In September of 2010 the applications for the building permits to build the turbines were submitted to the Town Board.  In December 2010, CEnergy had provided all necessary information for the permits and informed the Chair of the Board that the permits would need to be approved by March 1 for CEnergy to satisfy the power purchase agreement. Over the course of the next three months, public sentiment had turned decidedly against the project, with the Board Chair receiving threats to his physical safety.  The Board did not take up the the issue of the building permits at the January or February meetings, ostensibly because the town’s attorney needed more time to review the documentation submitted by CEnergy.   The applications for building permits were finally considered and granted at a meeting on March 7, but citizens at that meeting became “accusatory and threatening” toward Board members and other town officials.  The Chair reopened the meeting and, after further discussion, the Board voted to rescind the granted permits.  One week later, however, the Board held a special meeting and nullified the rescission, thereby reinstating the granted permits.
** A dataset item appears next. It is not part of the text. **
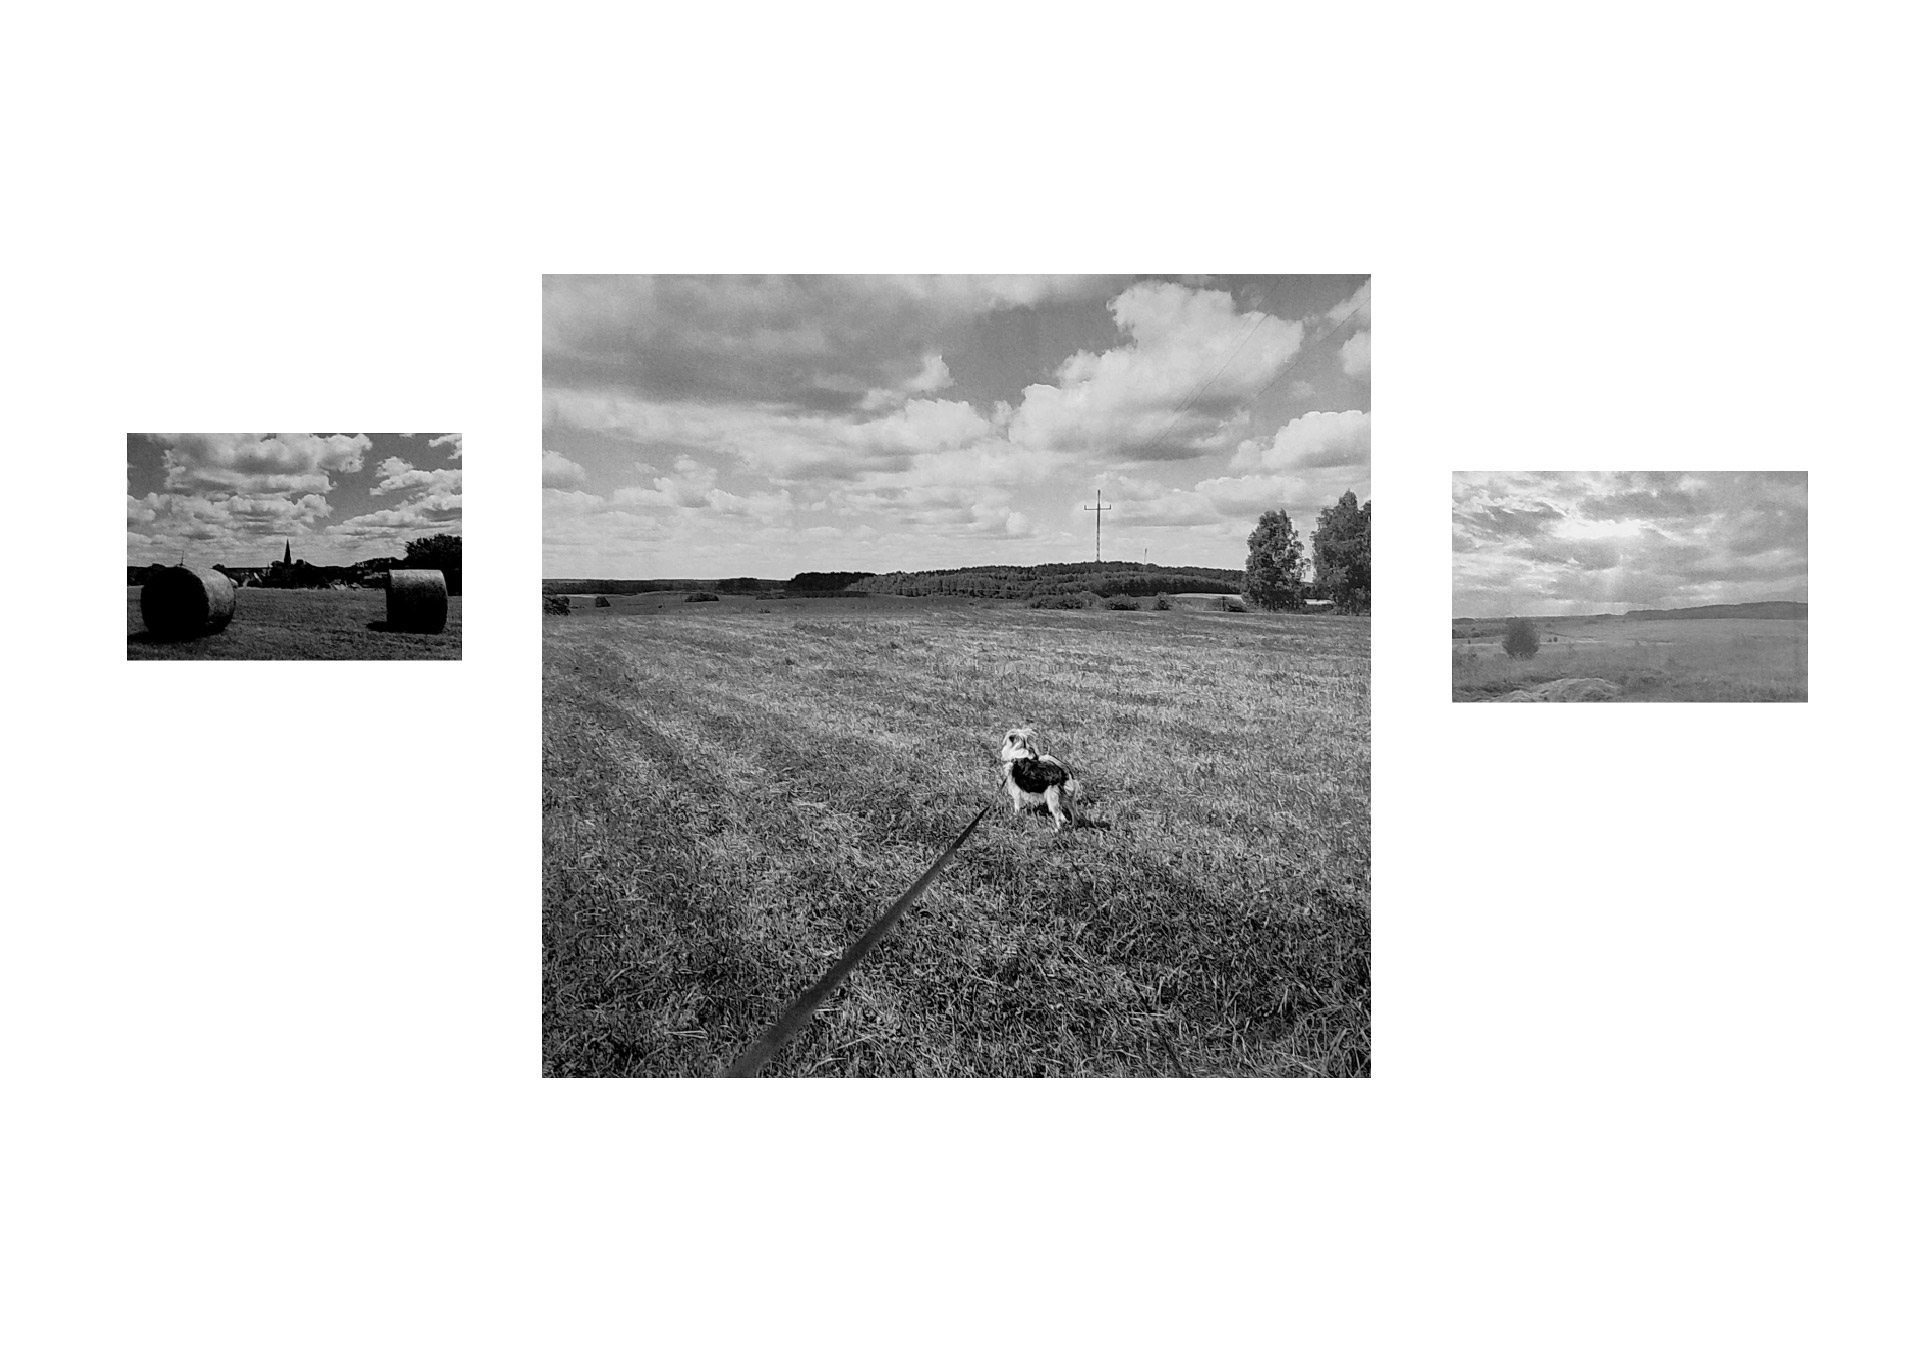 Obraz przedstawia trzy zdjęcia pejzażu połączone linią horyzontu. W środkowym kadrze jest pies na smyczy zwrócony w stronę horyzontu. Obraz jest czarno biały.

When the Wisconsin Public Service Corporation backed out of the power purchase agreement due to CEnergy’s failure to obtain the necessary permits in time, CEnergy filed suit against the Town of Glenmore claiming a denial of its right to substantive due process and a violation of the town’s state law obligation to deal in good faith. The federal district court dismissed the due process claim for failure to state a claim upon which relief can be granted, the district court also declined to retain jurisdiction over the supplemental state law claim. CEnergy appealed the decision to the Seventh Circuit Court of Appeals.
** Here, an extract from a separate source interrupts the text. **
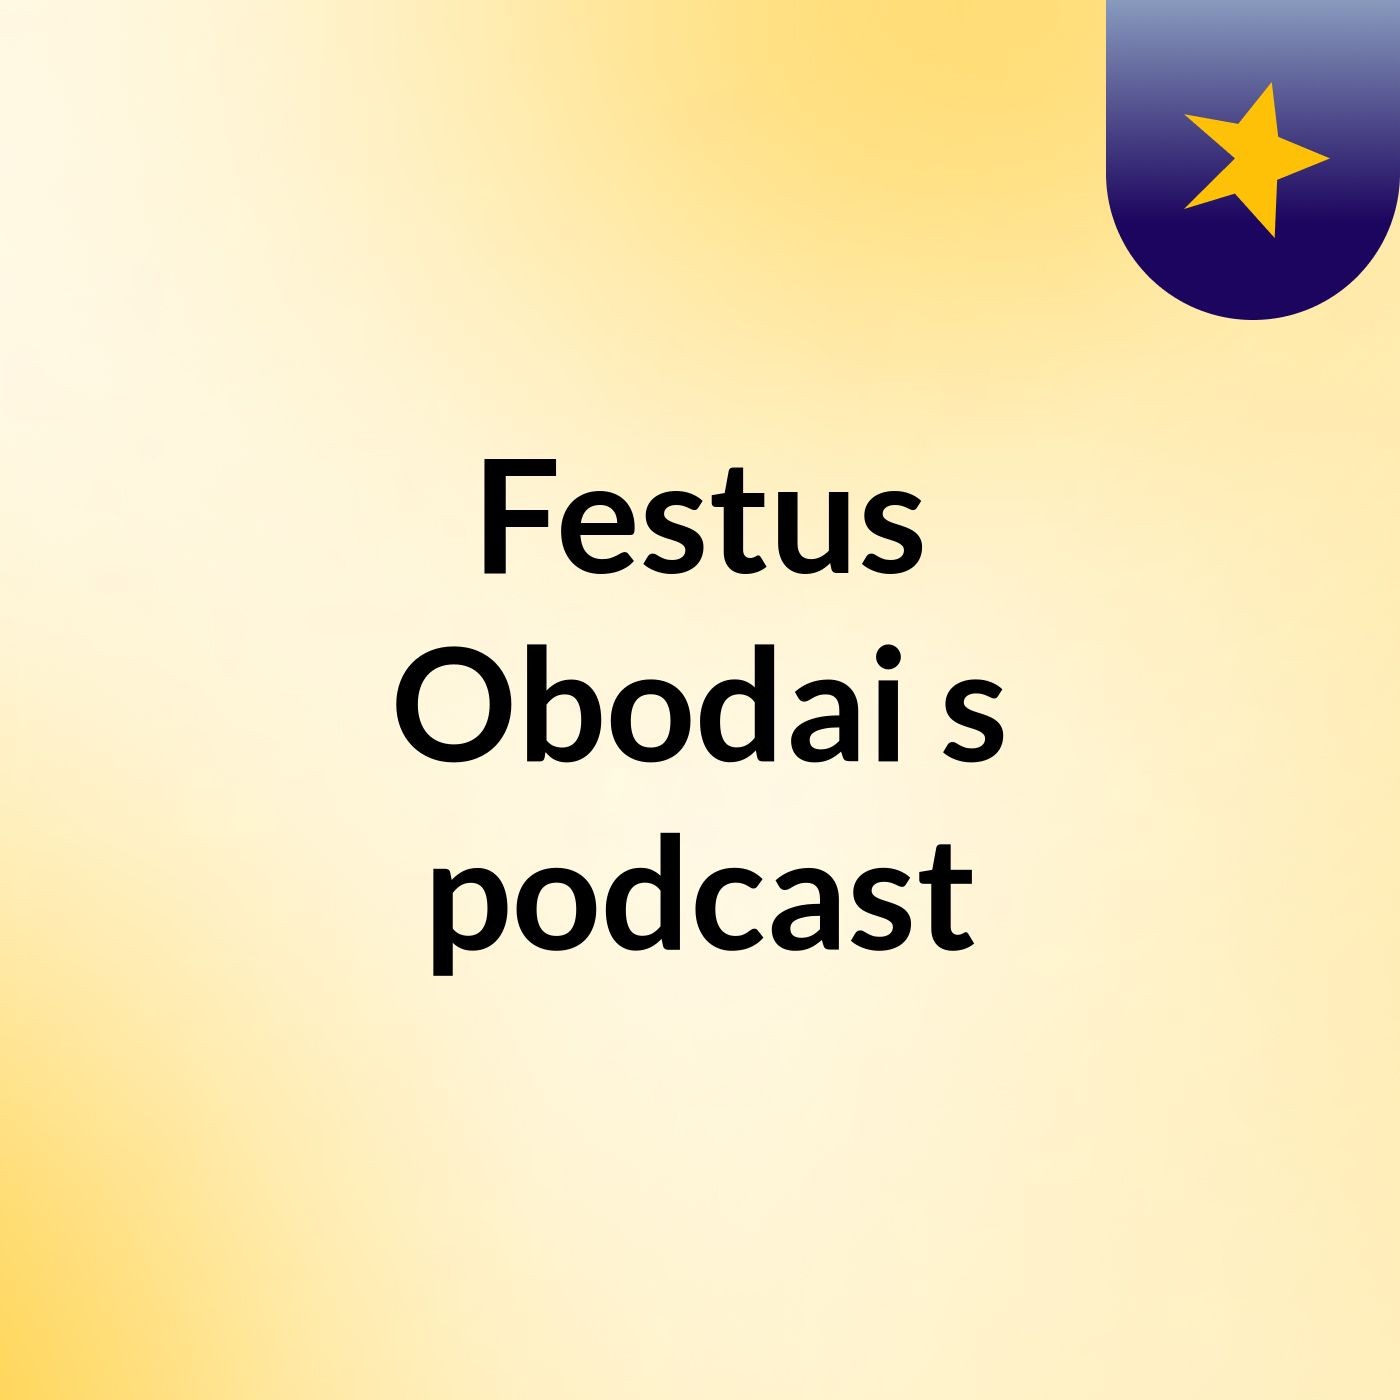 Episode 5 - Festus Obodai's podcast

On the issue of the denial to substantive due process, the Court of Appeals noted that while both the Supreme Court and the 7th Circuit Court of Appeals have acknowledged the possibility that a land-use decision could constitute a deprivation of property without substantive due process of the law, neither have definitively concluded such. However, like the district court, the Court of Appeals concluded that the substantive due process claim fails because the Board’s actions were not arbitrary.  “As far as the Constitution is concerned, popular opposition to a proposed land development plan is a rational and legitimate reason for a legislature to delay making a decision….The idea in zoning cases is that the due process clause permits municipalities to use political methods to decide.”  While the courts have stated the substantive due process standard in many ways – decisions must “shock the conscience,” be “egregious,” “arbitrary and capricious,” or “random and irrational” – the Board’s decision making process did not meet any of the tests.
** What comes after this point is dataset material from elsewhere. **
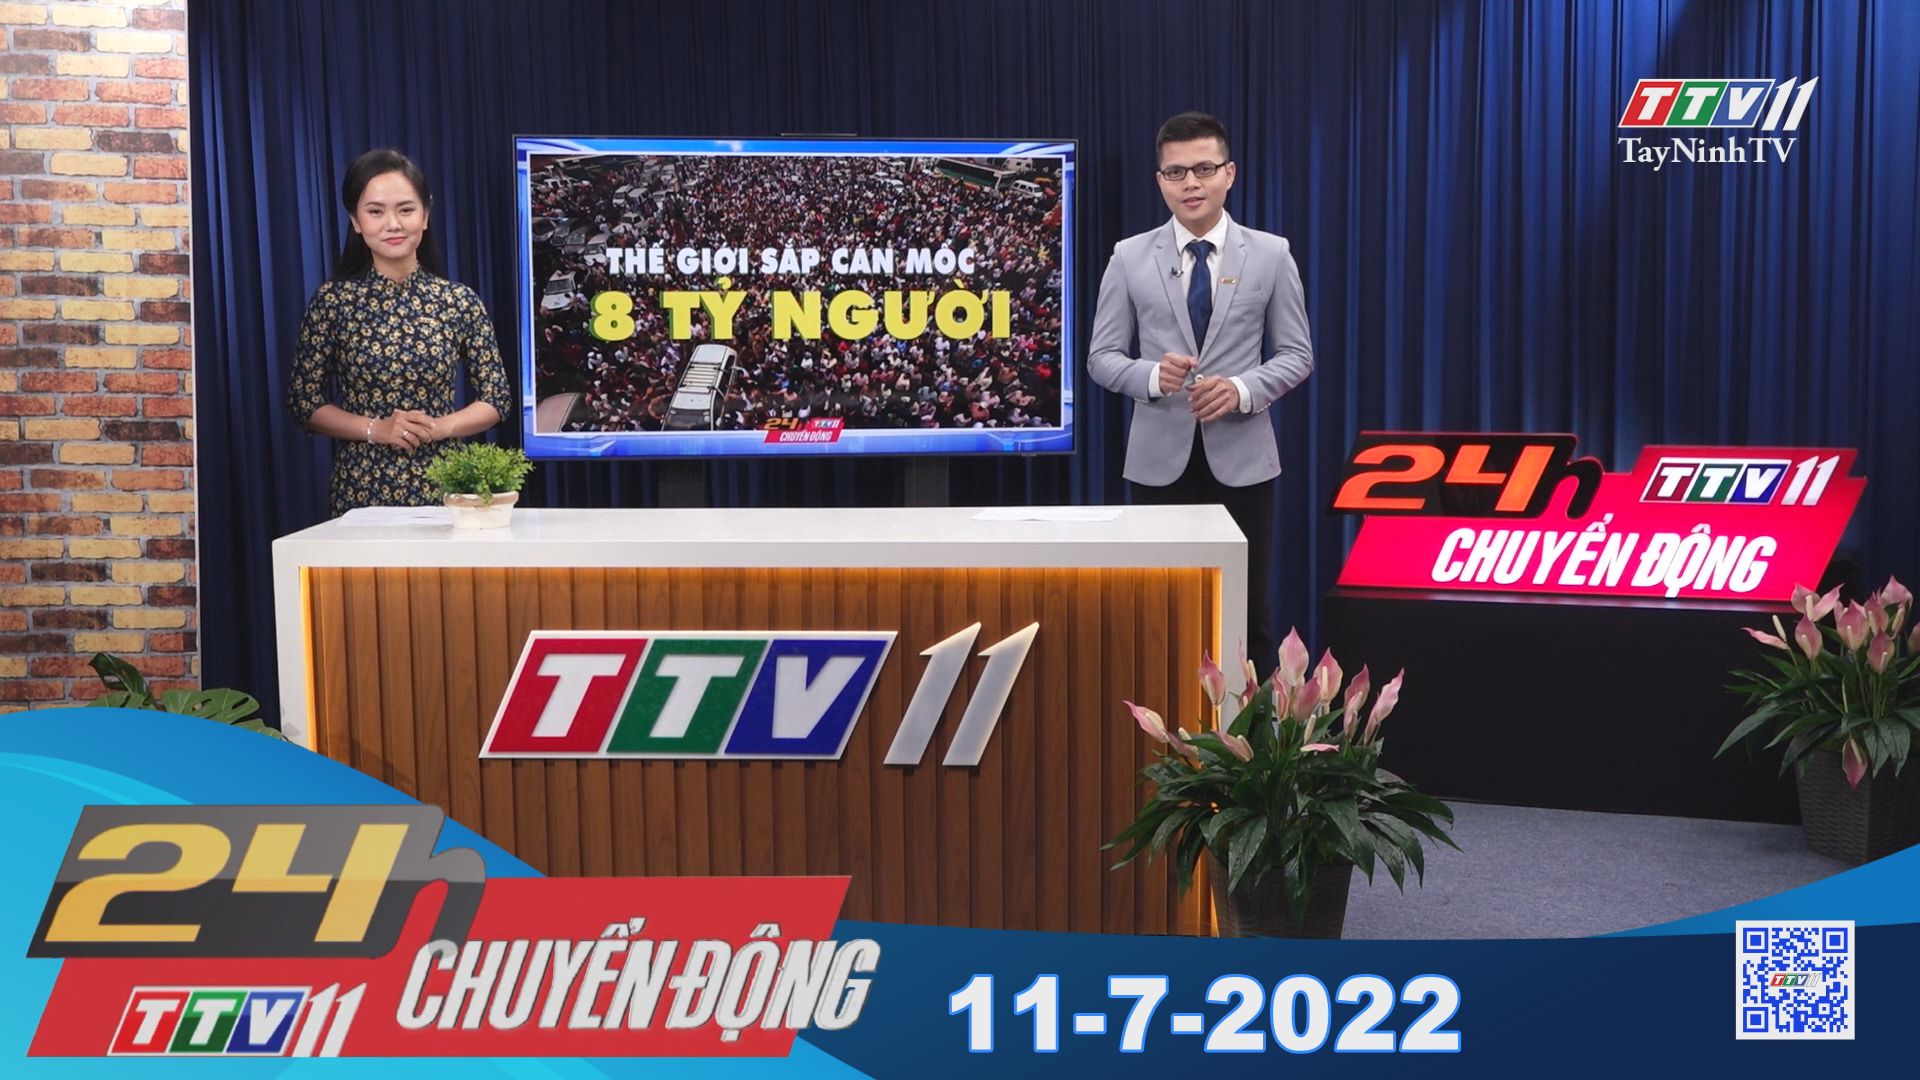 24h Chuyển động 11-7-2022 | Tin tức hôm nay | TayNinhTV

The Court of Appeals further held that CEnergy’s claim must fail because it did not seek recourse under state law. The court has held in the past that a plaintiff who ignores potential state law remedies cannot state a substantive due process claim in federal court.  The standard process for obtaining a building permit in Glenmore involves submitting the request to the Town Zoning Administrator and then, if denied, bringing the request to the Board of Appeals. This typical process does not involve the Town Board at all. Because CEnergy went along with the political process and did not seek another administrative course of action to get their building permits approved, there is no opportunity for them to regain the lost profits from the wind farm.

The 7th Circuit Court of Appeals affirmed the judgment in favor of the Town of Glenmore.